Come Marco Sorbara, ex assessore comunale di Aosta e consigliere regionale, che ha trascorso 909 giorni in custodia cautelare da innocente. È lui ad accompagnare per mano i nostri visitatori, mostrando loro che vuol dire essere reclusi in carcere. «Qualcosa di davvero angosciante, l’idea di dover condividere con qualcuno che non conosci uno spazio del genere e la tua intimità. Mi mancava il respiro. Lì dentro tutto sembra amplificato. E le cose che sono nella tua testa sembrano riecheggiare: le senti come se fossero a tutto volume».
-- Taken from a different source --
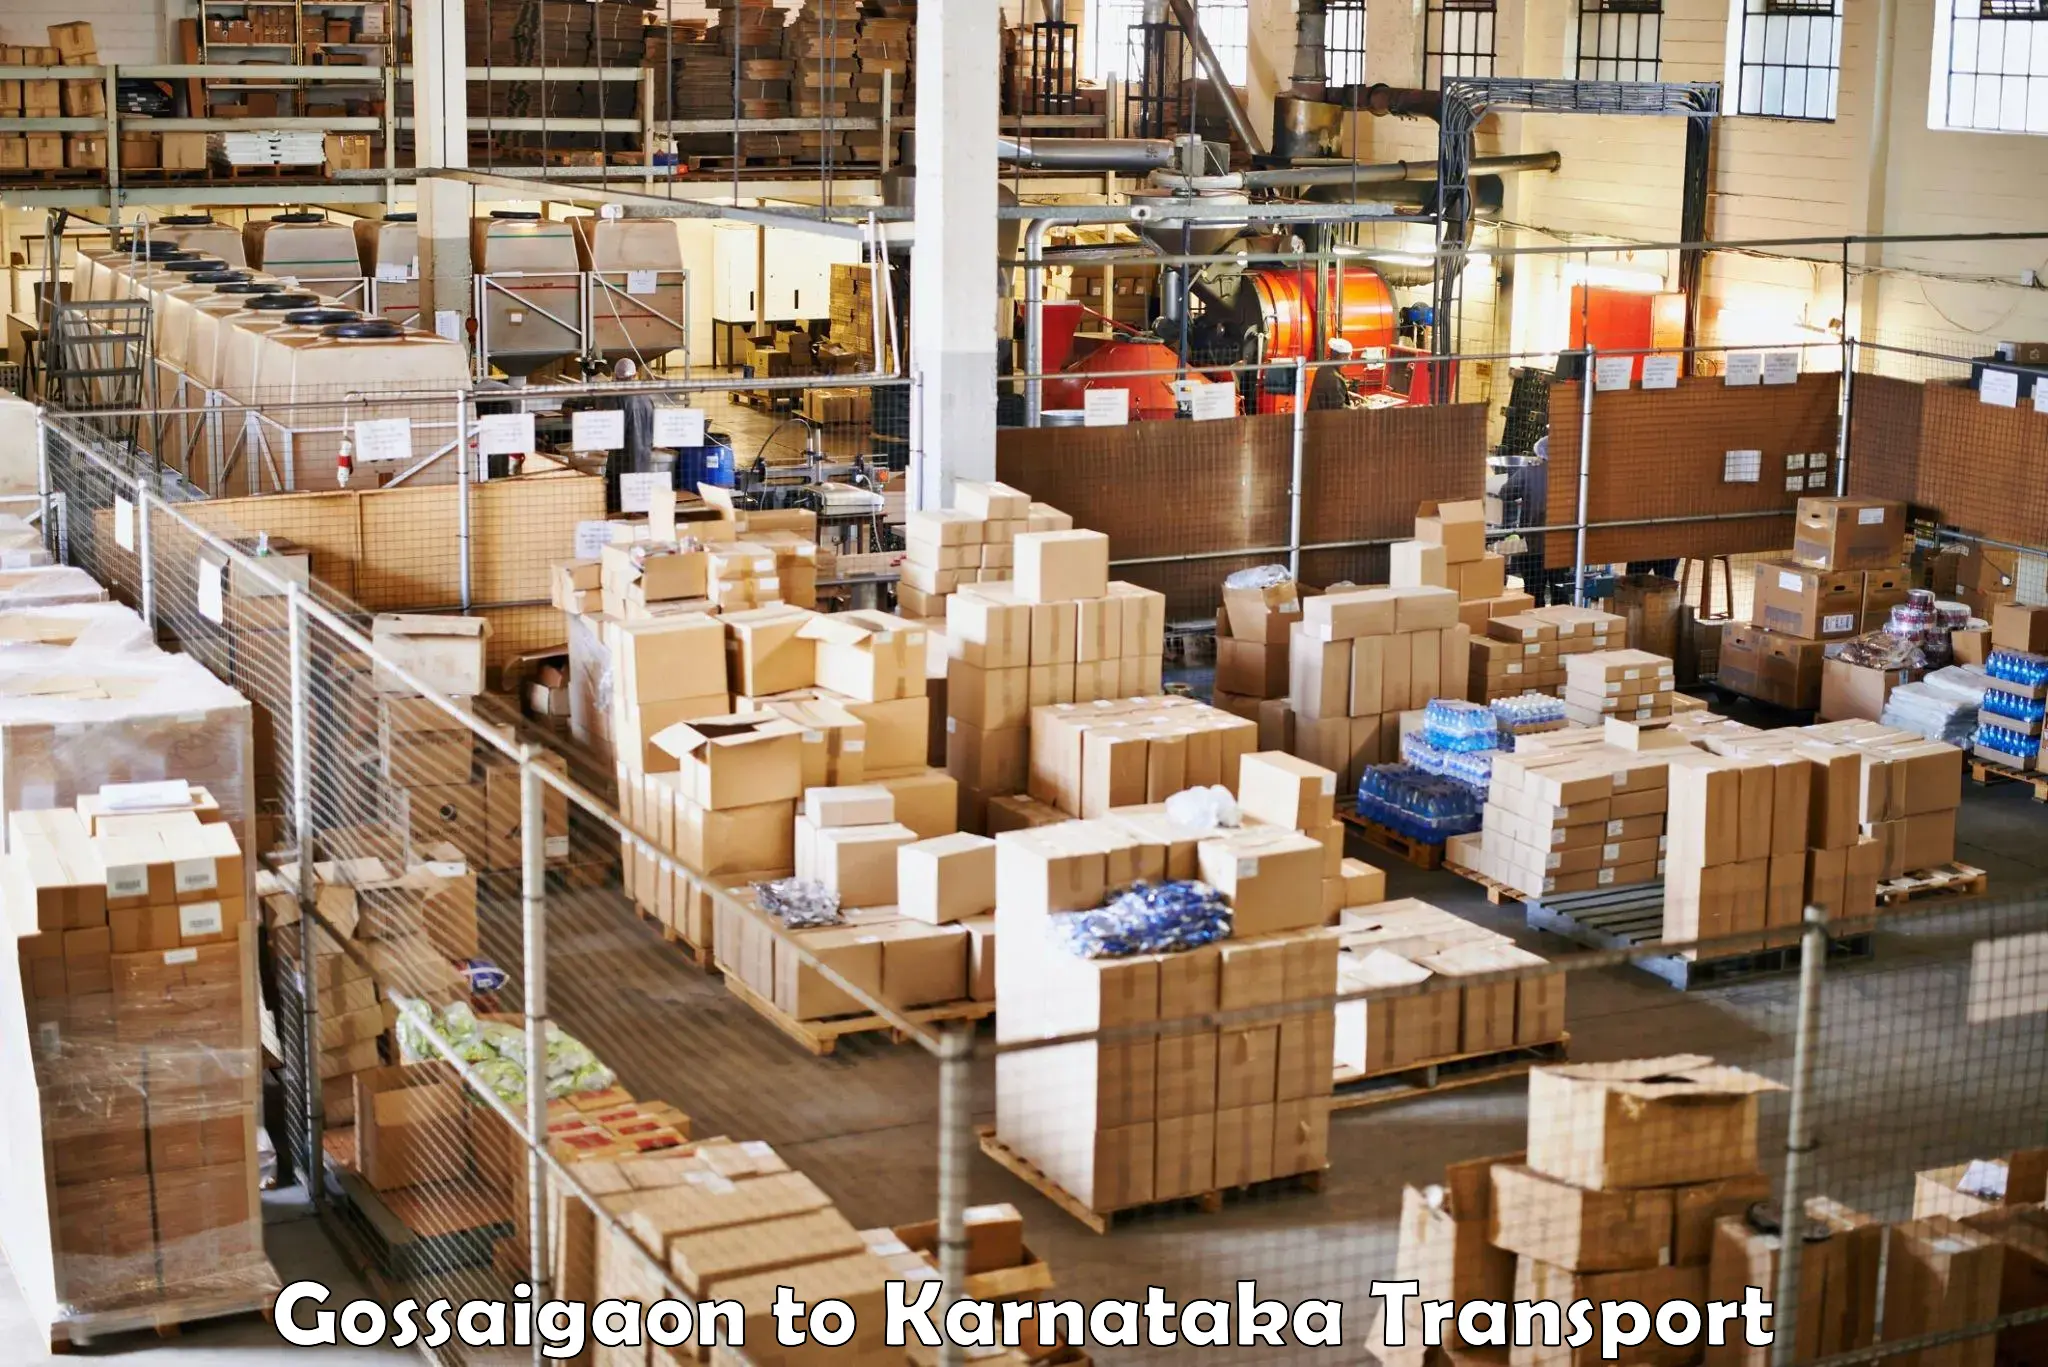 Truck transport companies in India in Gossaigaon to Krishnarajpete

Soli con i propri pensieri, così si raccontano i nostri “detenuti”. Che si prestano alla finzione ma danno voce a sentimenti verissimi, come dimostra la nostra “letteratura” sul carcere, quella raccolta nelle pagine che Il Dubbio dedica ogni giorno a chi è ristretto davvero. A chi racconta del tempo che non passa mai, chiuso tra mura strette mentre il mondo di fuori fluisce indifferente. «Per prima cosa ho preso il giornale che ho trovato sulla brandina e ho cominciato a leggere: un modo per evadere subito con i pensieri», spiega una ragazza.
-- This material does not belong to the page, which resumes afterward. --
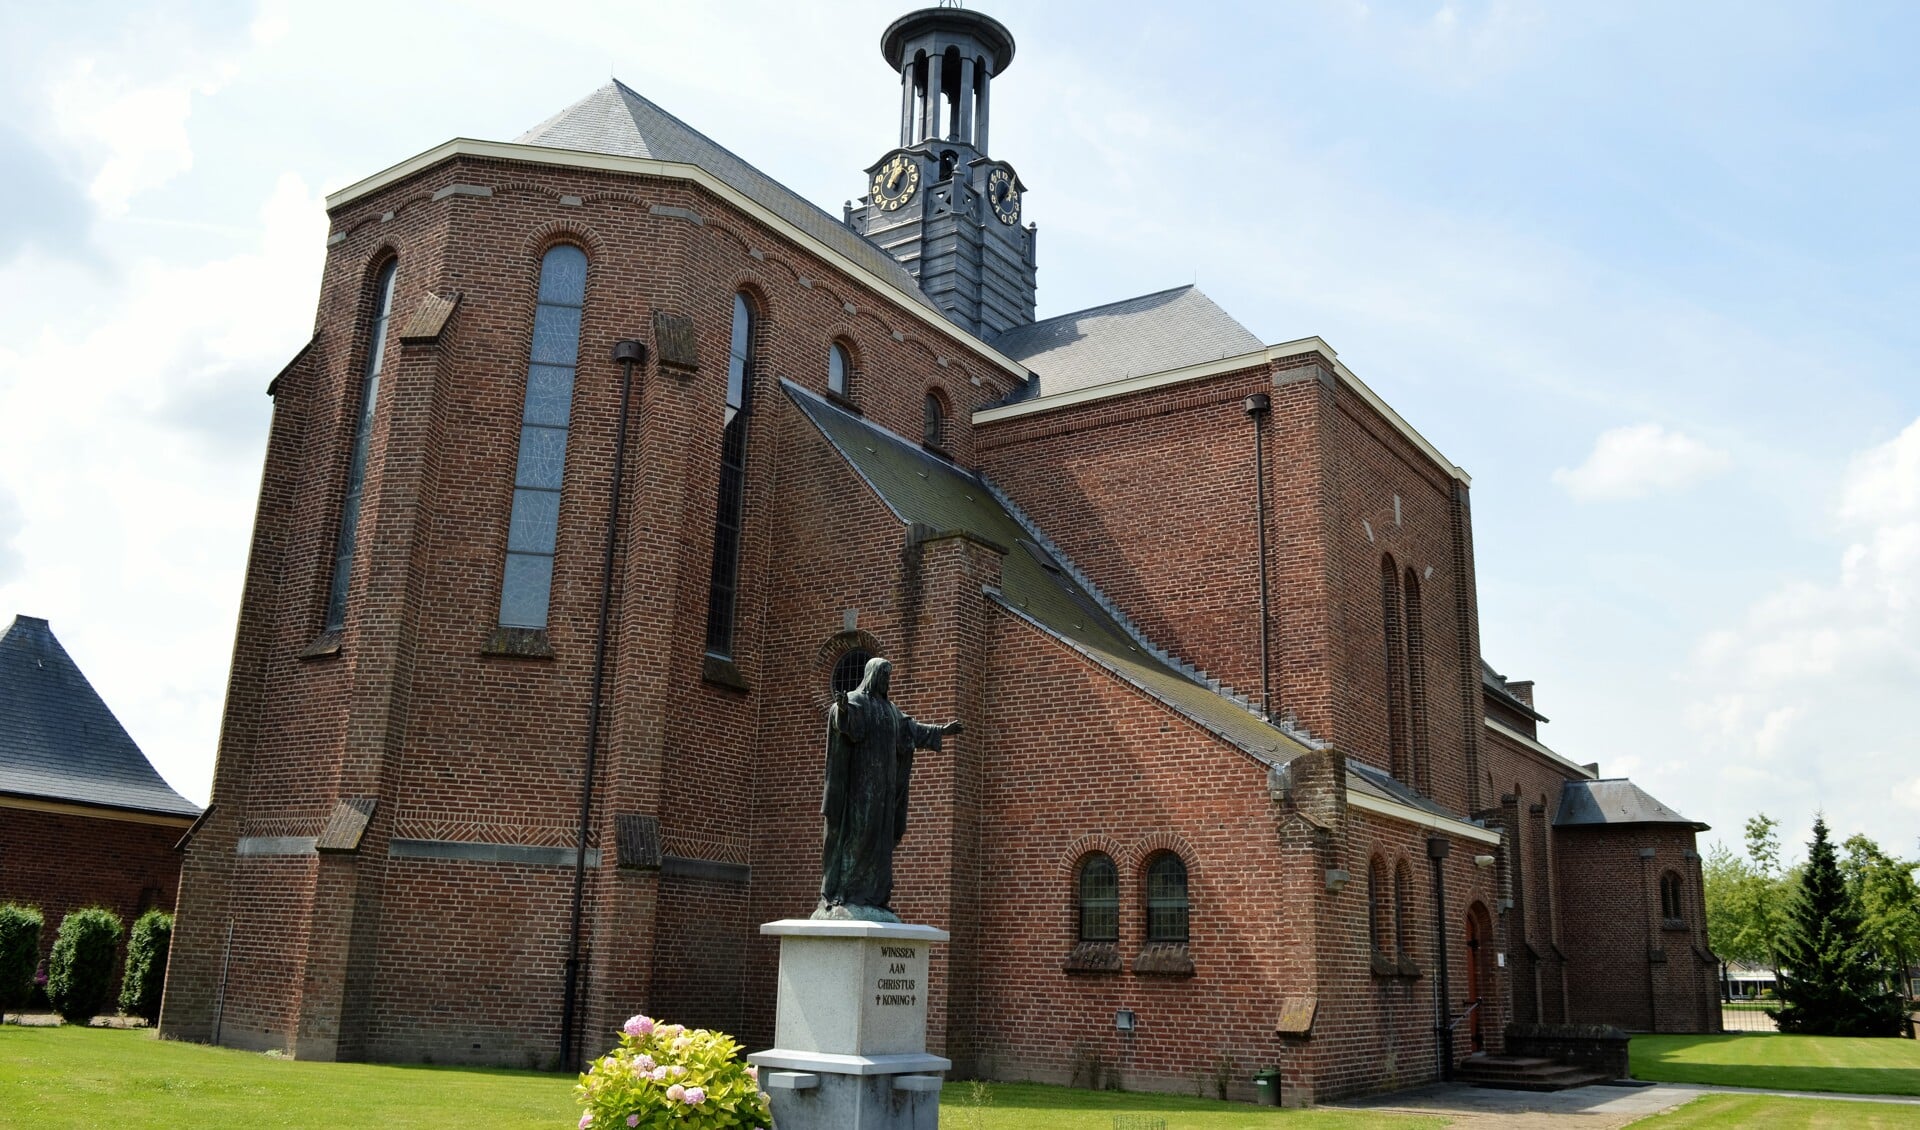 Kerk in Winssen.

Persino lei, come tanti nei nostri istituti di pena, si è aggrappata a un pezzo di carta. Un libro, una rivista, una lettera: tutto ciò che ti separa dalla disperazione quando intorno trionfa il nulla. «Il vuoto, ecco, una grande sensazione di vuoto. Con questi rumori indefiniti, il canto di un uccellino, che ti ricordano che fuori c’è la vita». Ancora una volta chi passa dalla nostra cella traccia una linea. C’è il mondo di fuori, e il mondo di dentro, dietro le sbarre. Il pianeta carcere escluso allo sguardo della società, con una mandata di troppo. «Provo tanta rabbia. Questa non è giustizia, né rieducazione: troppo spesso dimentichiamo che chi è in carcere è prima di tutto una persona», tuona una cittadina. Ha lasciato la cella dopo un istante, con le mani che ancora le tremano. Non riesce a convertire in parole la sua frustrazione, eppure dice: «Ma dov’è la Costituzione in questa cella, dov’è finita l’umanità?».
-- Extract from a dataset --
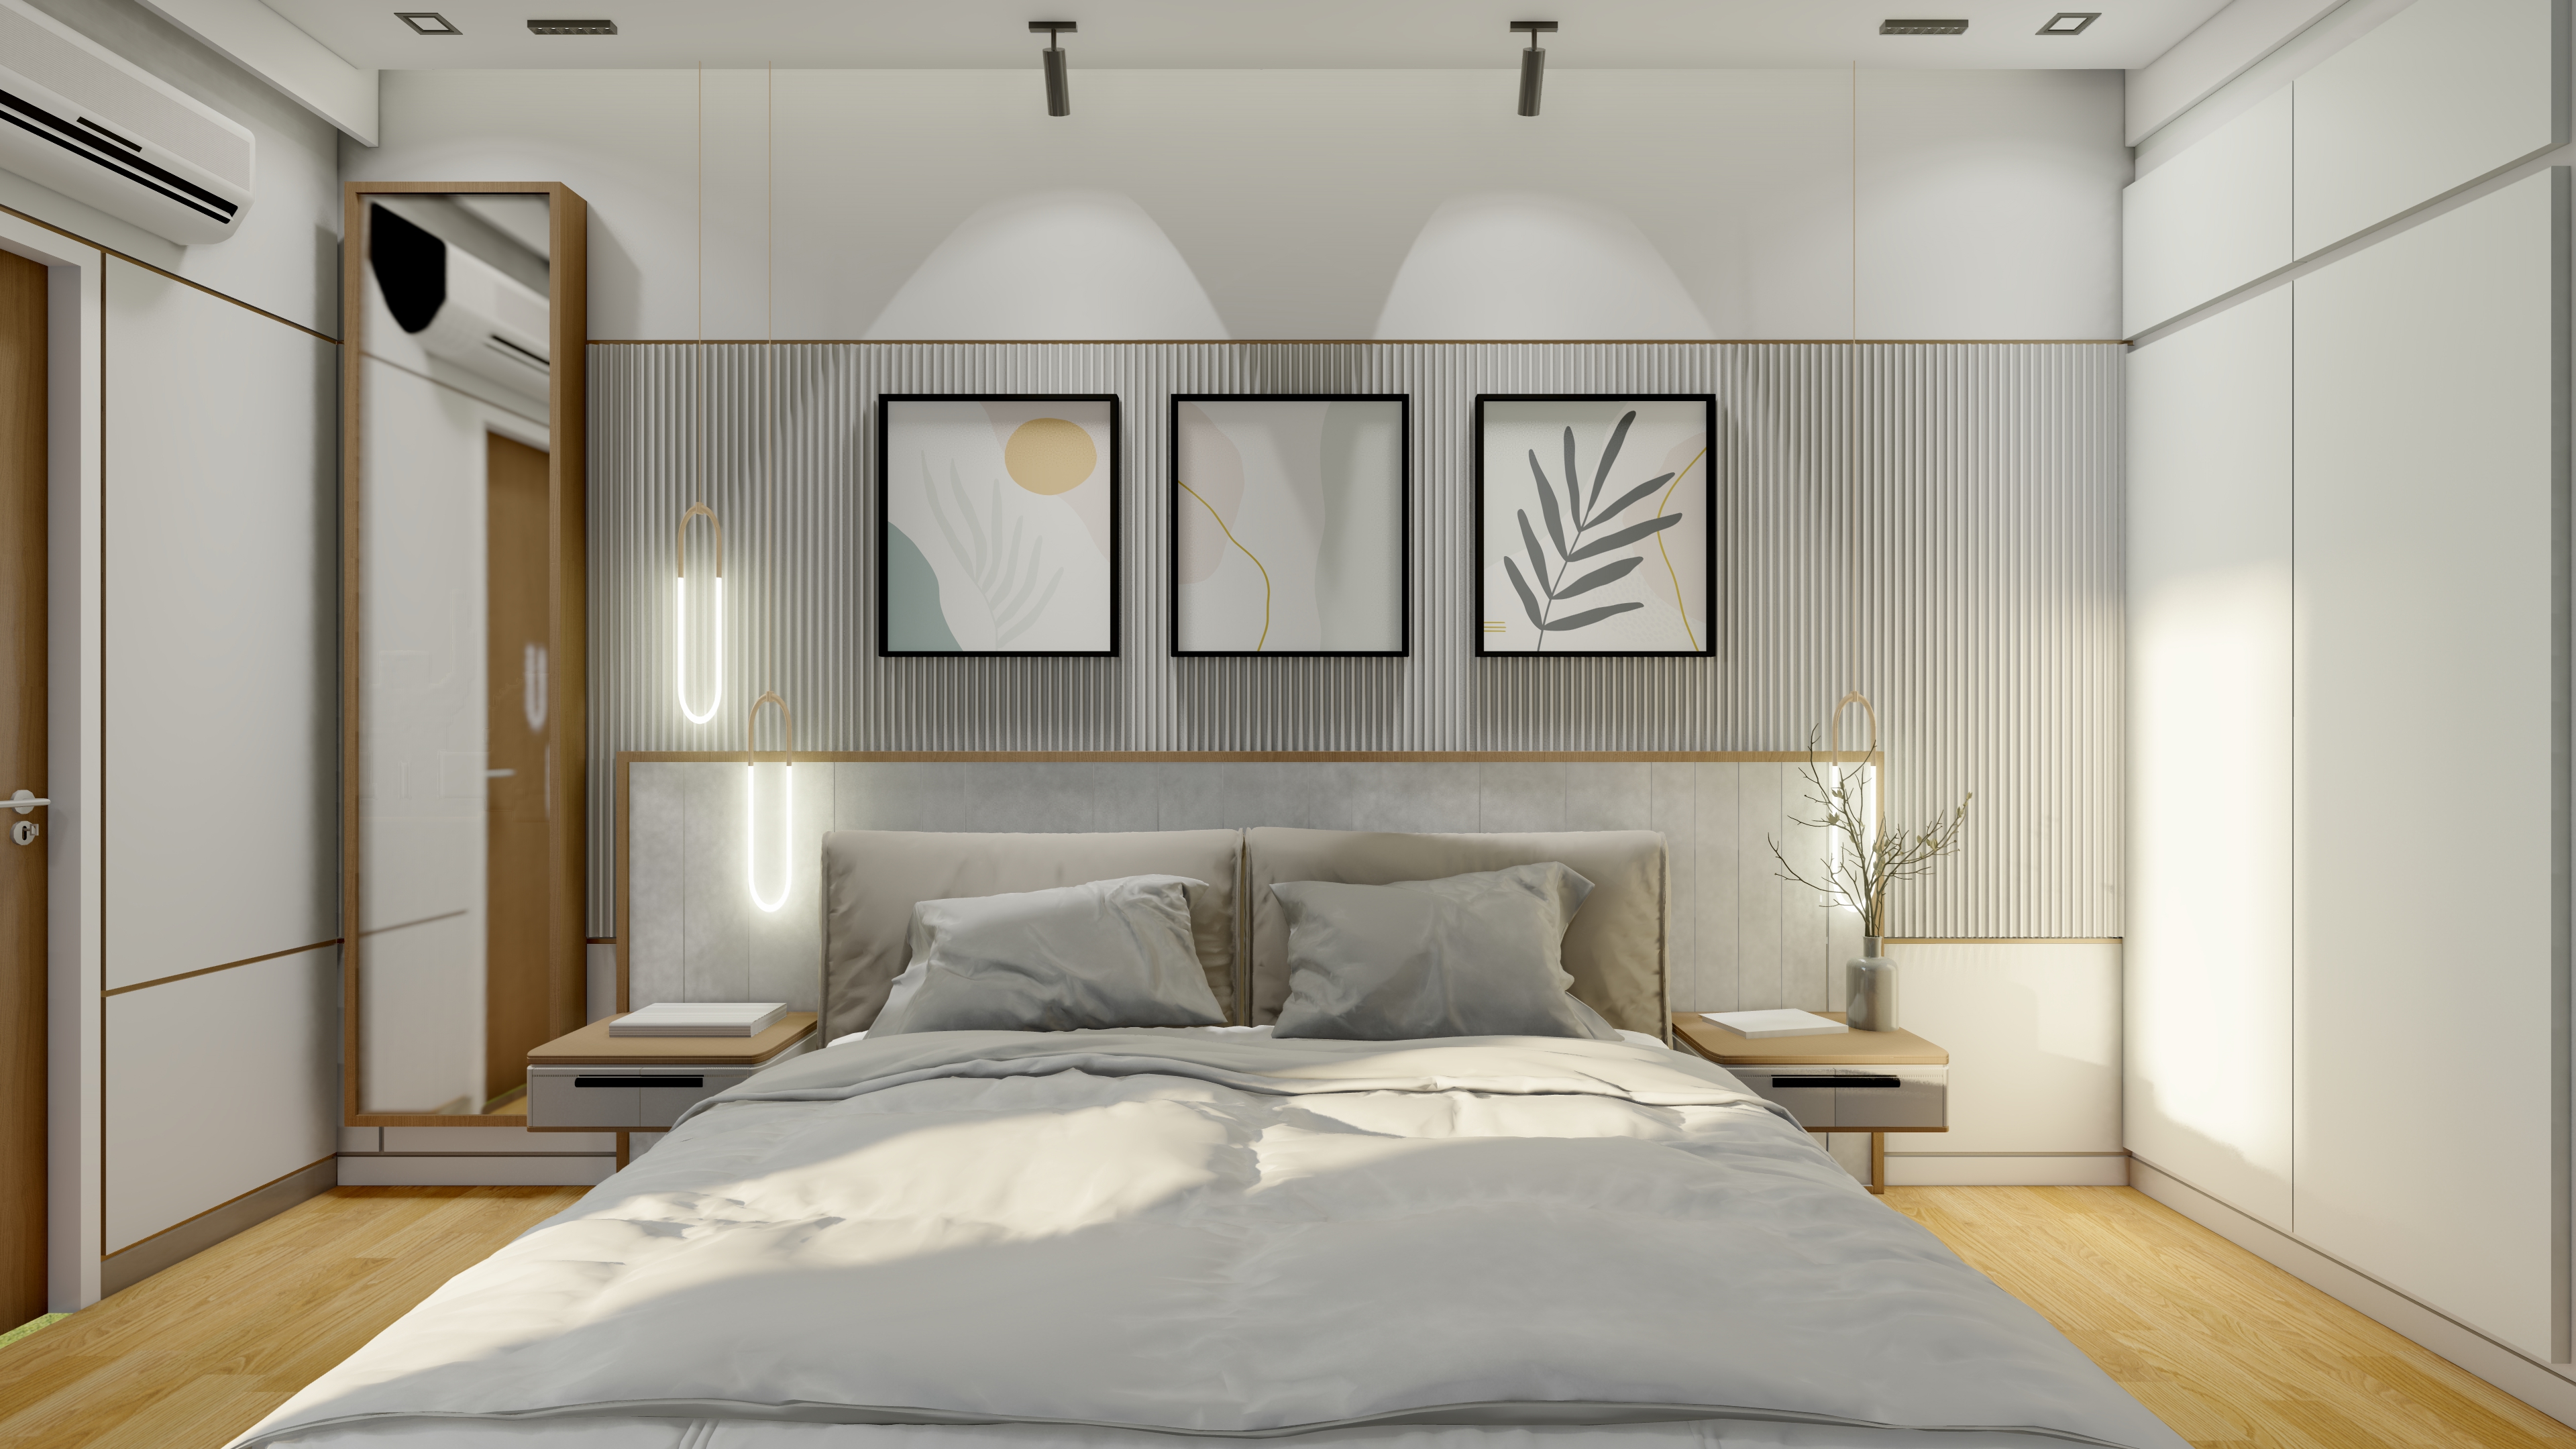 Bedroom Design With Wall Art

Ecco la domanda che ispira l’iniziativa del Dubbio: come riportare il carcere nella Costituzione? Da tempo l’esecuzione penale ha assunto connotazioni in palese violazione dell’articolo 27 della nostra Carta, in base al quale “le pene non possono consistere in trattamenti contrari al senso di umanità e devono tendere alla rieducazione del condannato”. Mentre oggi, il carcere, è un luogo in cui l’umanità sprofonda. A partire dalla sua architettura, che ha un impatto diretto sulla mente di chi vive i penitenziari, come hanno spiegato i relatori intervenuti al ciclo di dibattiti che si è tenuto in contemporanea all’interno del Tempio di Adriano. «Se questa cella è realistica? Manca la puzza: c’è un odore del carcere che è del tutto particolare», spiega Rita Bernardini, presidente di Nessuno Tocchi Caino. La politica radicale racconta che un trattamento del genere è riservato ai nuovi giunti, coloro che hanno appena messo piede in carcere. «Immaginate una persona che è stata appena fermata – dice -, che magari entra per la prima volta in carcere e si trova completamente isolata dal mondo: non per cinque minuti ma per ore. Se ha problemi di tipo psicologico o di dipendenza c’è da impazzare. E infatti sono in tanti a togliersi la vita per l’impatto con l’isolamento». Cinque minuti sono solo un esperimento. Un “trucco” per guardare dentro, per una volta. Servirà a qualcosa?